На окончательное выздоровление Котовского отправили на благословенный юг, в места, которые он знал, под Одессу, – сырые, пробивающие человека насквозь питерские ветры здоровья прибавить никак не могли, спасти мог только сухой горячий юг. И так уж получилось, – судьба есть судьба, – что туда же, в южном направлении, на переформирование была отправлена и бригада Котовского, получилось это одновременно.

В боях под Петроградом бригаде участвовать так и не пришлось: обстановка сложилась такая, что между противниками происходили лишь артиллерийские дуэли, да винтовочные пикировки, больше ничего не было, поэтому котовцев решили отправить назад, на Украинский фронт.

Своего командира котовцы вспоминали часто, у иного здоровяка, запросто сваливающего кулаком с ног коня, начинали расстроенно блестеть глаза, и сам он потом долго не мог унять озабоченную нервную дрожь, трепавшую его губы:

– И где наш Григорий Иванович сейчас находится? Как он там, жив?

А Григорий Иванович в это время дивился своей слабости, словно бы кости у него обратились в солому, ноги не держали тело и подгибались немощно.

В таком состоянии до Одессы он явно не доберется… И Котовскому дали сопровождающего – опытного старичка фельдшера по фамилии Белозеров, неплохо соображавшего в медицине, но такого древнего, что он, забываясь, Суворова называл Сашкой, а Кутузова Мишкой.

Подцепил старичок Котовского под локоть, прохрюкал что-то себе под нос, и они вместе поплелись на железнодорожный вокзал.

В городе на улицах гудели, суетились, перекрикивались, толкались, объяснялись друг с другом, пели, плясали, пили кипяток из дымящихся кружек люди: Петроград жил своей жизнью, а Котовский и старичок вместе с ним этой жизни завидовали.

Сопровождающий чем-то походил на деда Афроима – суматошного мальчугана с седой бороденкой, человека неопределенного возраста, с пронзительным взглядом и проникновенной, как у проповедника, речью.

– Глядишь, Черное море снова повидаю! – радовался старичок по-детски, обтирал ладонью морщинистое лицо. – Последний раз я его видел, когда война с германцами еще даже не задумывалась.

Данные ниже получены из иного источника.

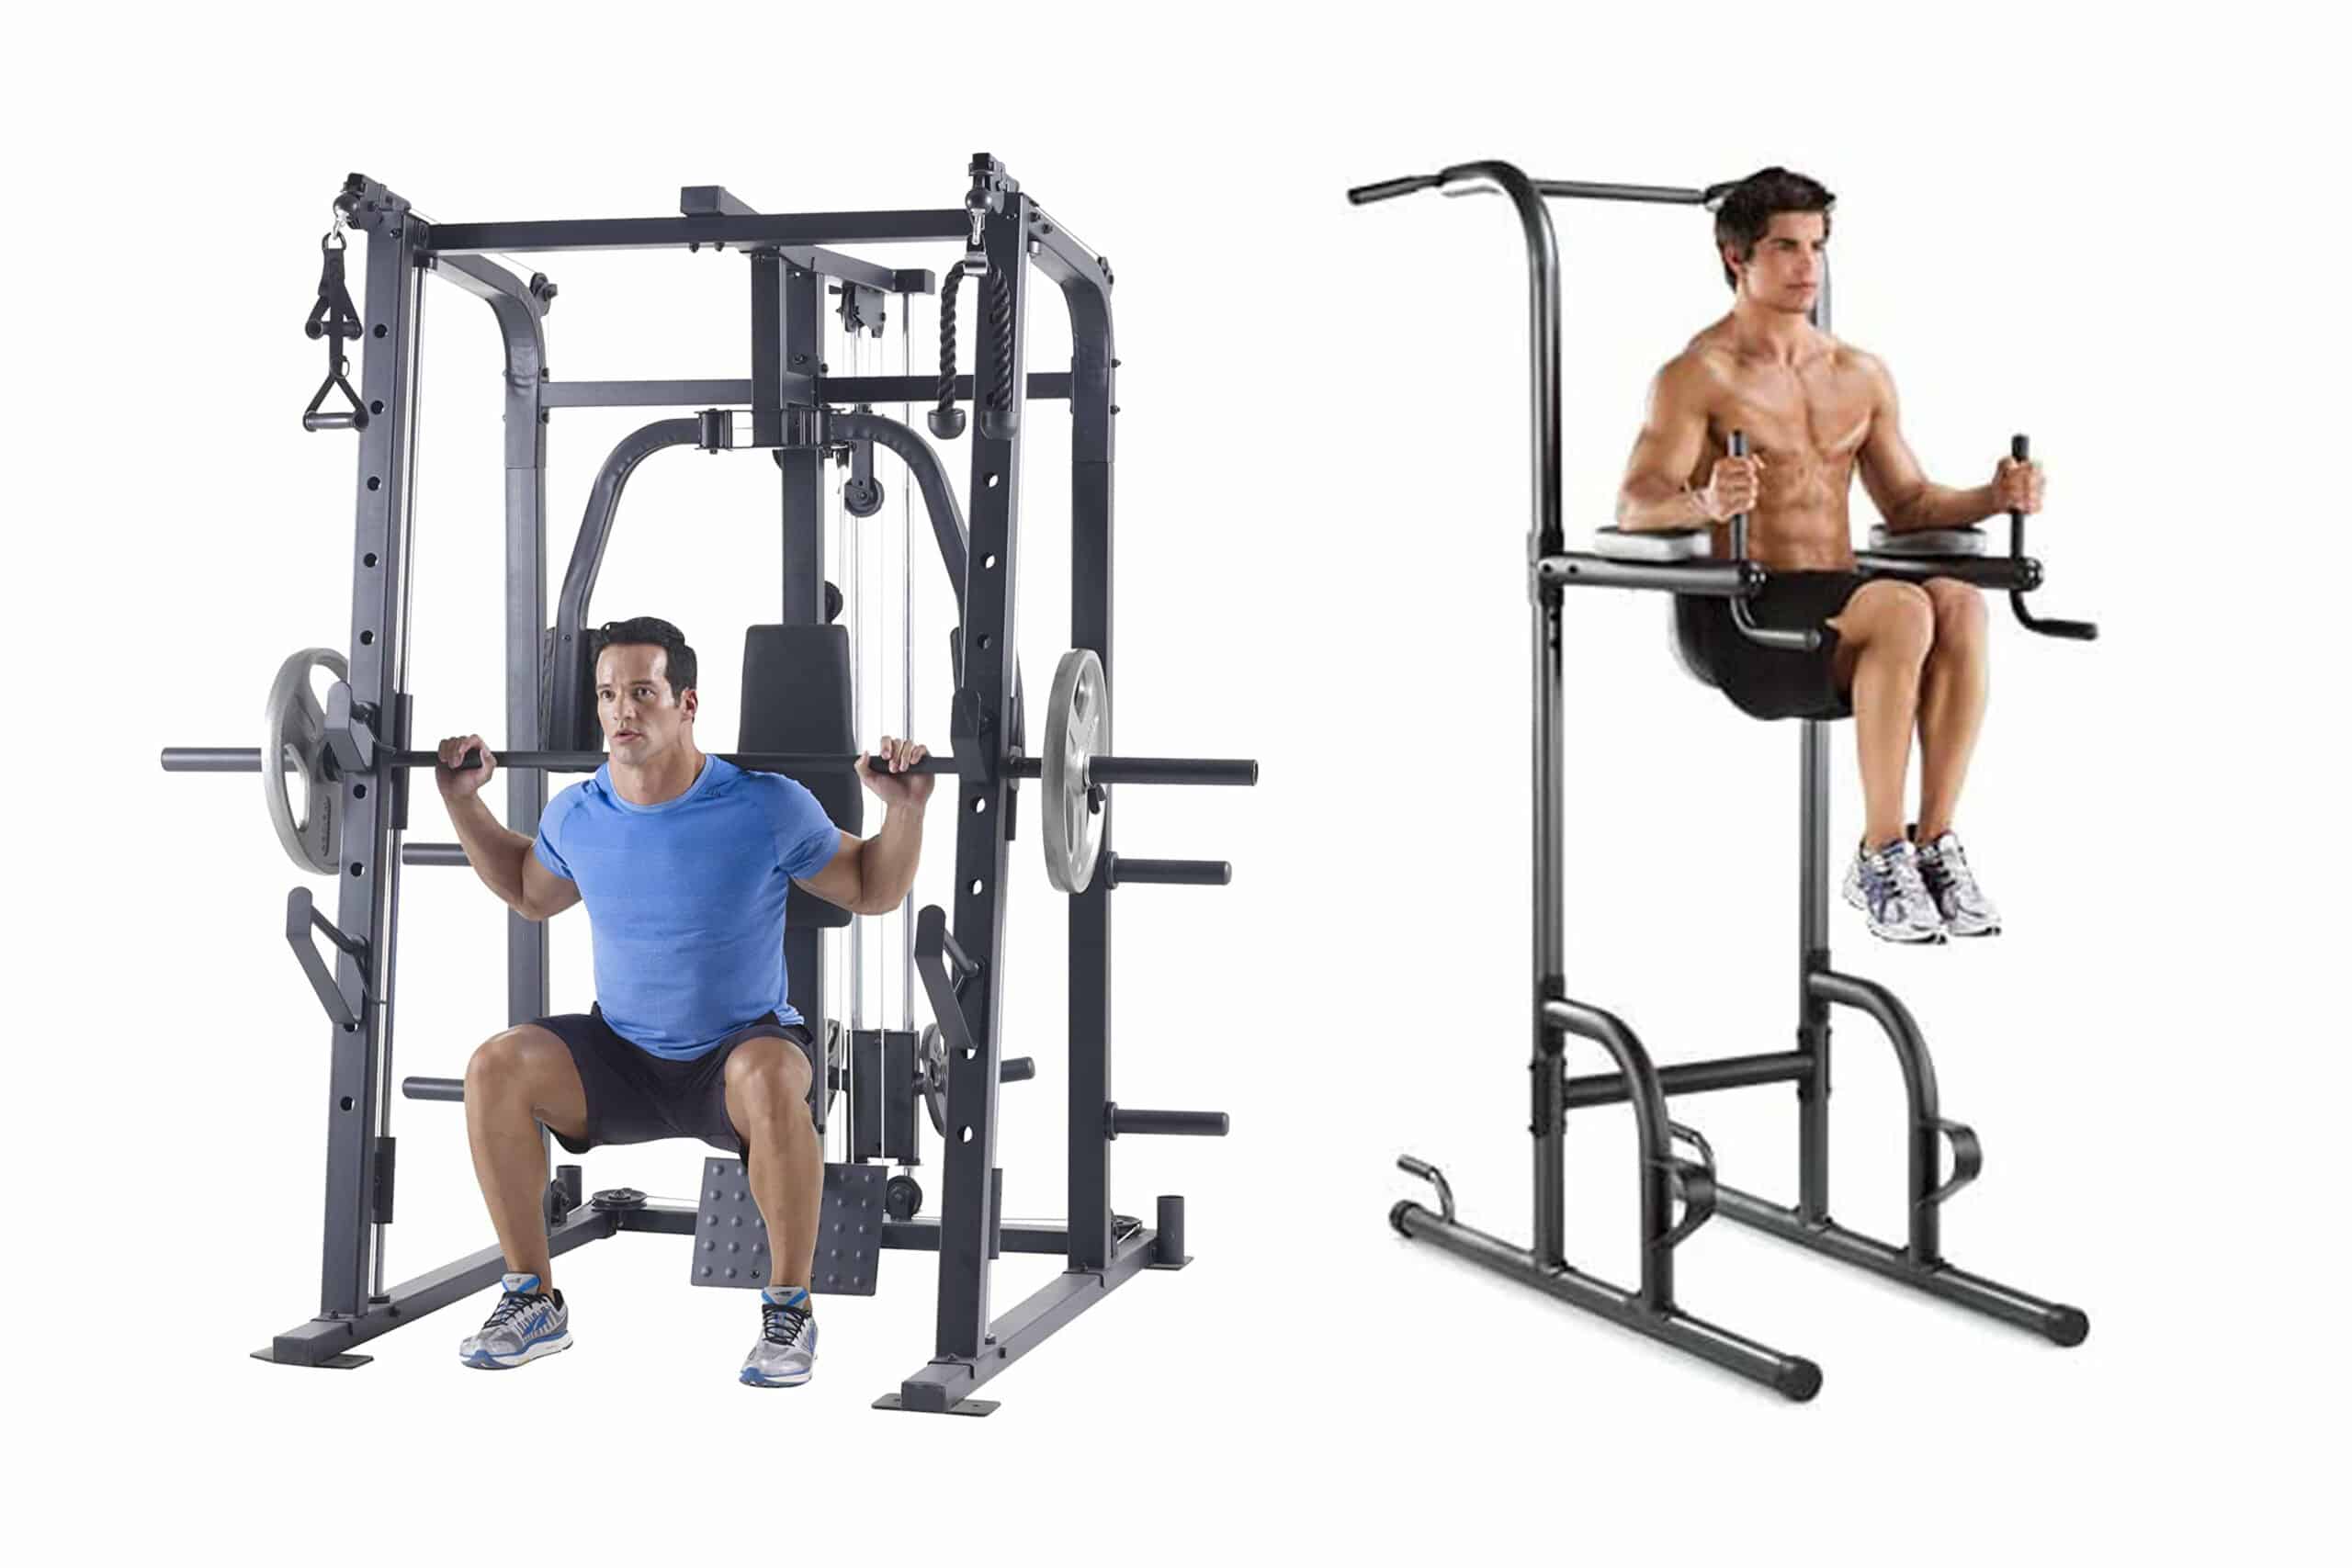 Compliment hobby sleuf 5 Best Joe Weider Home Gyms + Buying Guide (2022)

Котовский молчал. Воздух перед ним уплывал непонятно куда, то ли в сторону, то ли вверх, струился водянисто, исчезал, его сменял новый поток, свежий, было холодно; тяжелые двери вокзала хлопали почти невесомо, будто их сколотили из легких сухих досок, с каждым хлопком в помещение вползали кудрявые студенистые клубы.

Вокзал конечно же не топили, своим дыханием его обогревали люди. Пока старичок сопровождающий куда-то бегал, Котовский провалился в забытье, у него поднялась температура, дыхание сделалось хриплым, свистящим, словно бы в легких образовалось сразу несколько дырок.

Когда старичок вернулся с громким возгласом: «Товарищ комбриг, уедем вовремя, нам в вагоне дали персональные места», – то Котовский на голос этот даже голову не поднял, не шевельнулся – либо в больной одури находился, либо вообще в отключке.

Сопровождающий был опытным медбратом, сориентировался быстро, выхватил из баула пузырек с нашатырем и, пробормотав: «Вот-с какая незадача-то, а!» – сунул комбригу под нос, подержал несколько секунд.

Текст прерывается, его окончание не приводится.